## Exercise brief
Restate all the data word for word and omit the pictures.

## Data block
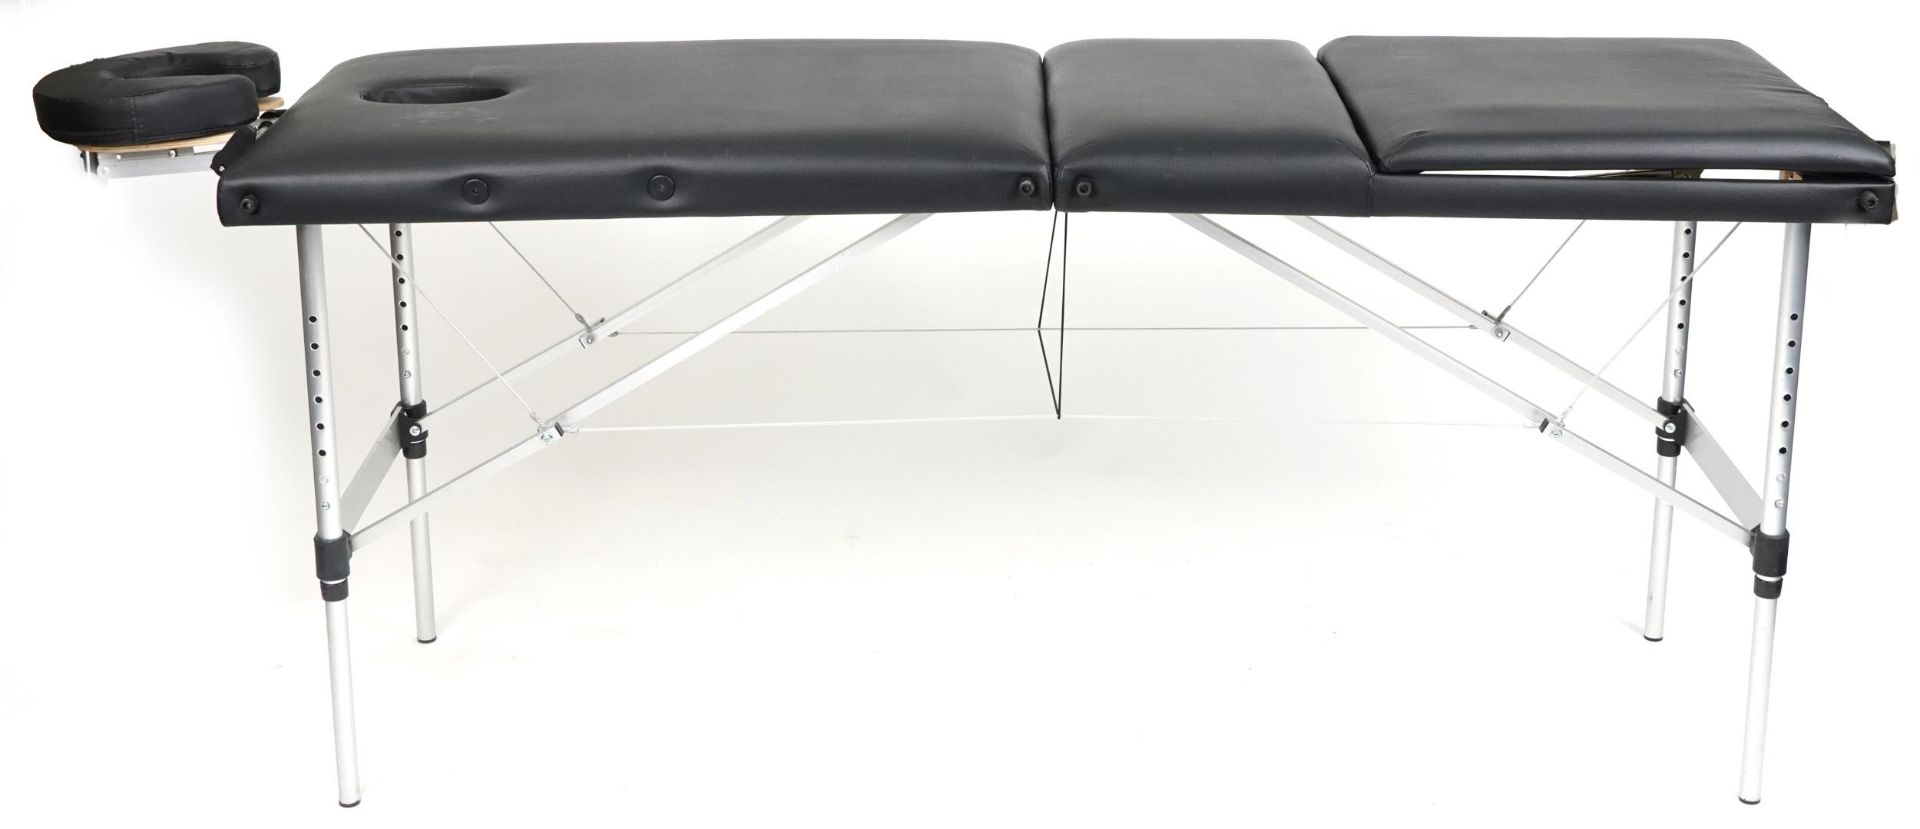 Folding aluminium and black leatherette massage table with protective bag, 83cm H x 184cm W x 59cm D - Bild 5 aus 6
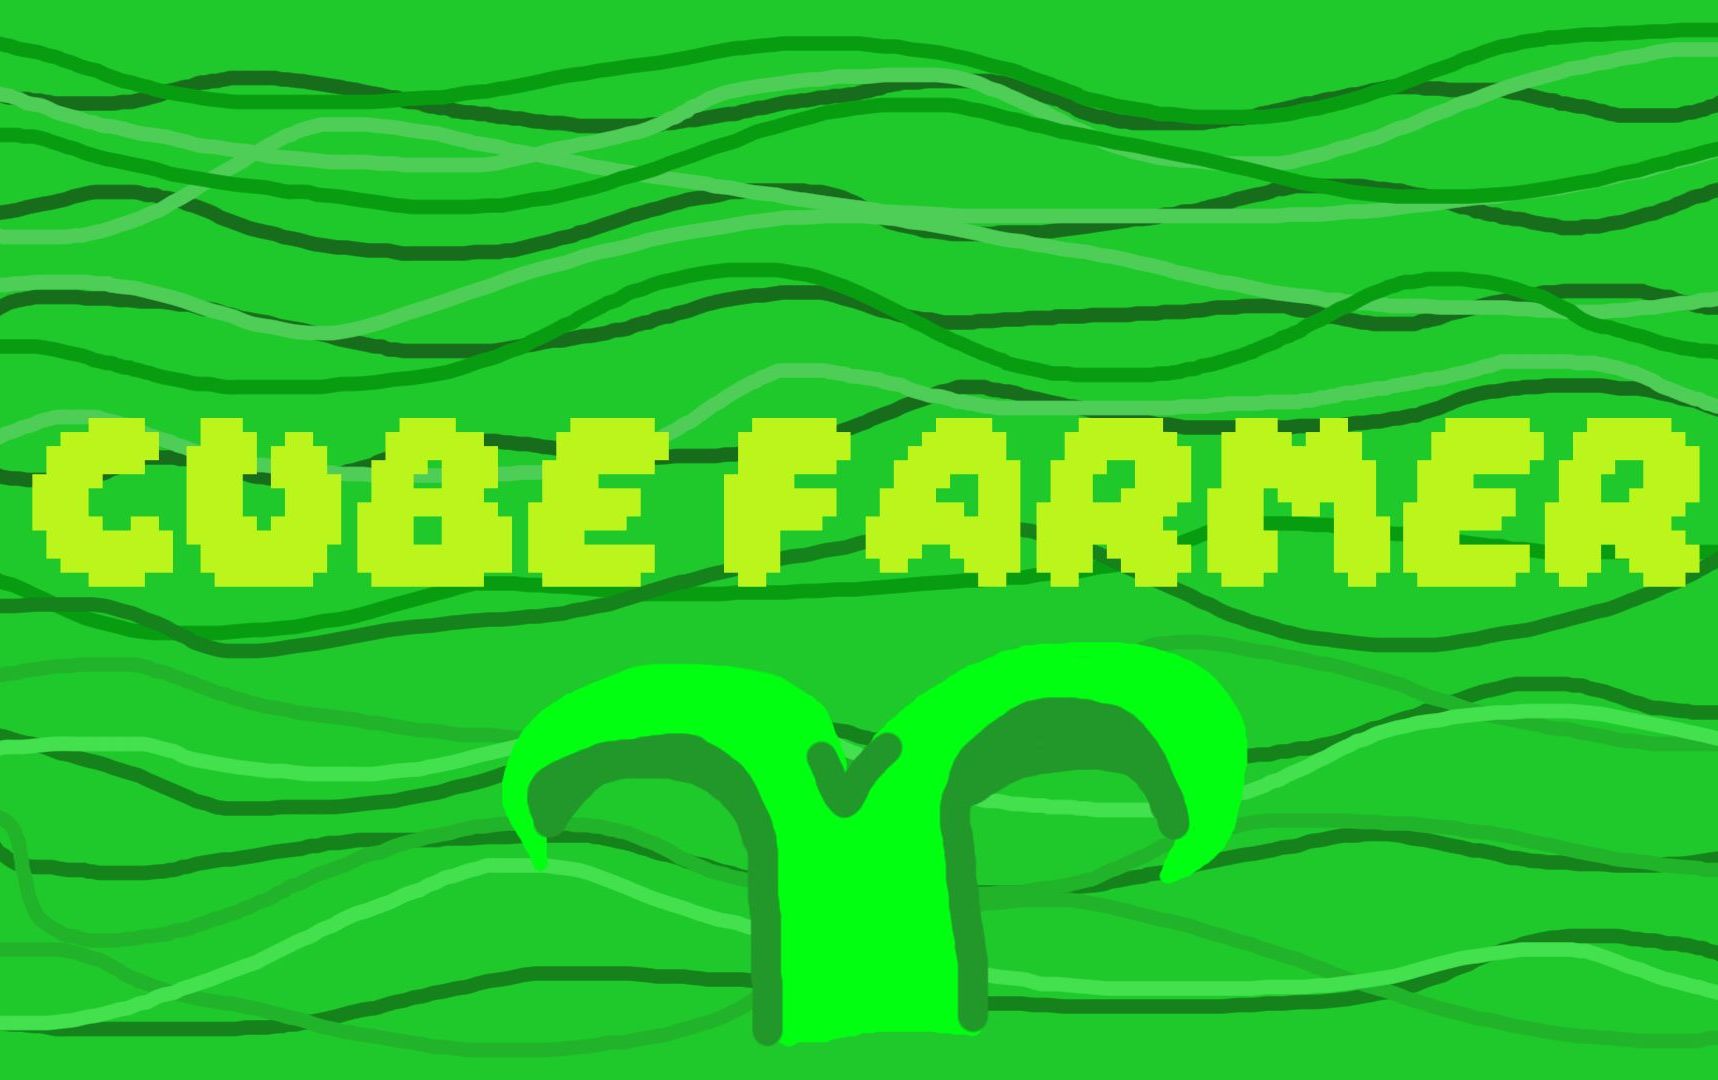 Cube Farmer
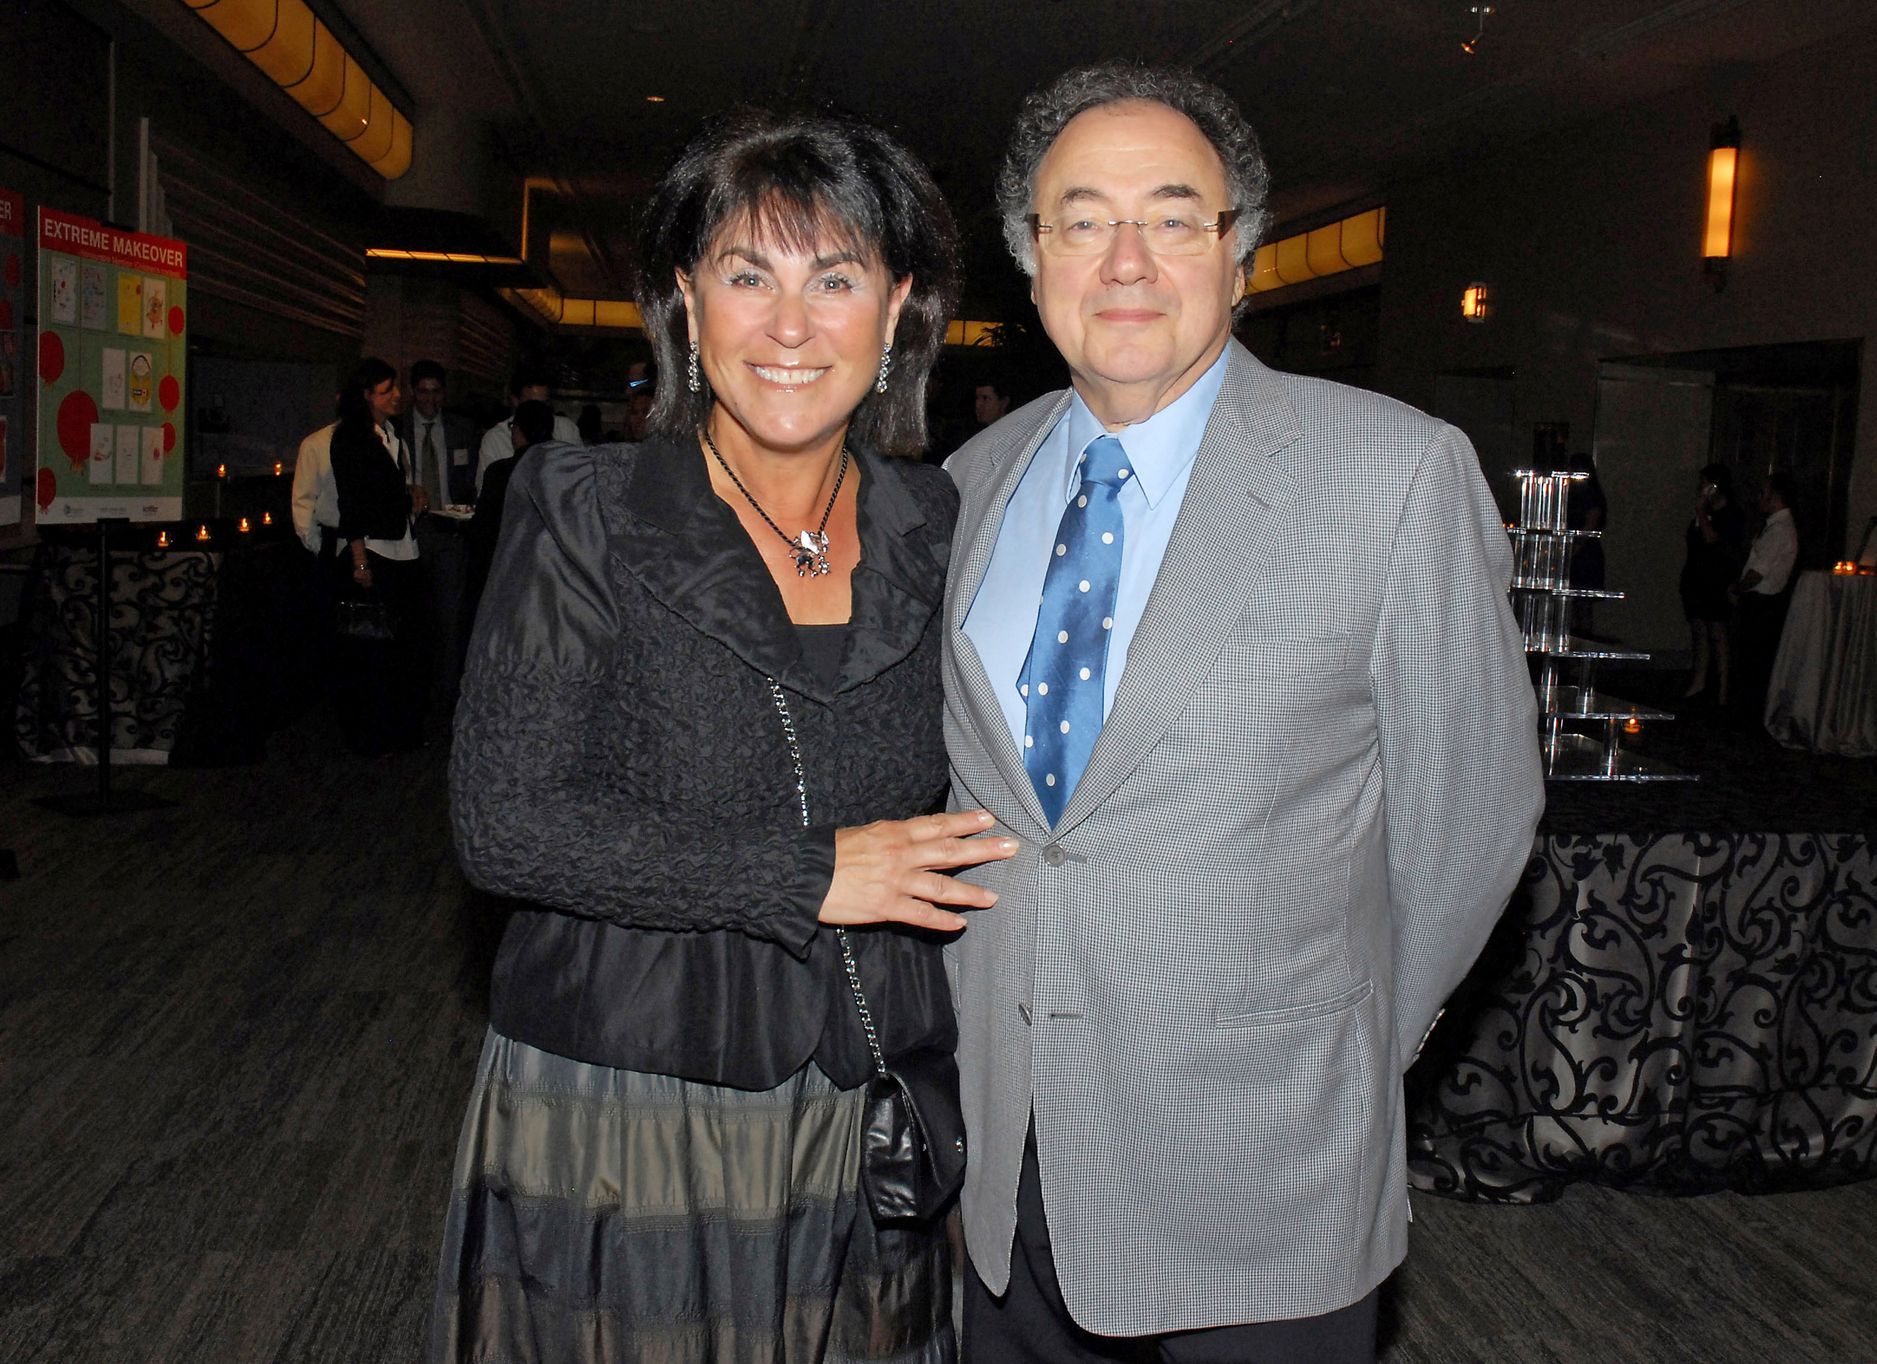 Záhadná smrt kanadského miliardářského páru. Neoběsili se, byla to nájemná vražda, tvrdí jejich děti

## Written reply
 Folding aluminium and black leatherette massage table with protective bag, 83cm H x 184cm W x 59cm D - Bild 5 aus 6
 Cube Farmer
 Záhadná smrt kanadského miliardářského páru. Neoběsili se, byla to nájemná vražda, tvrdí jejich děti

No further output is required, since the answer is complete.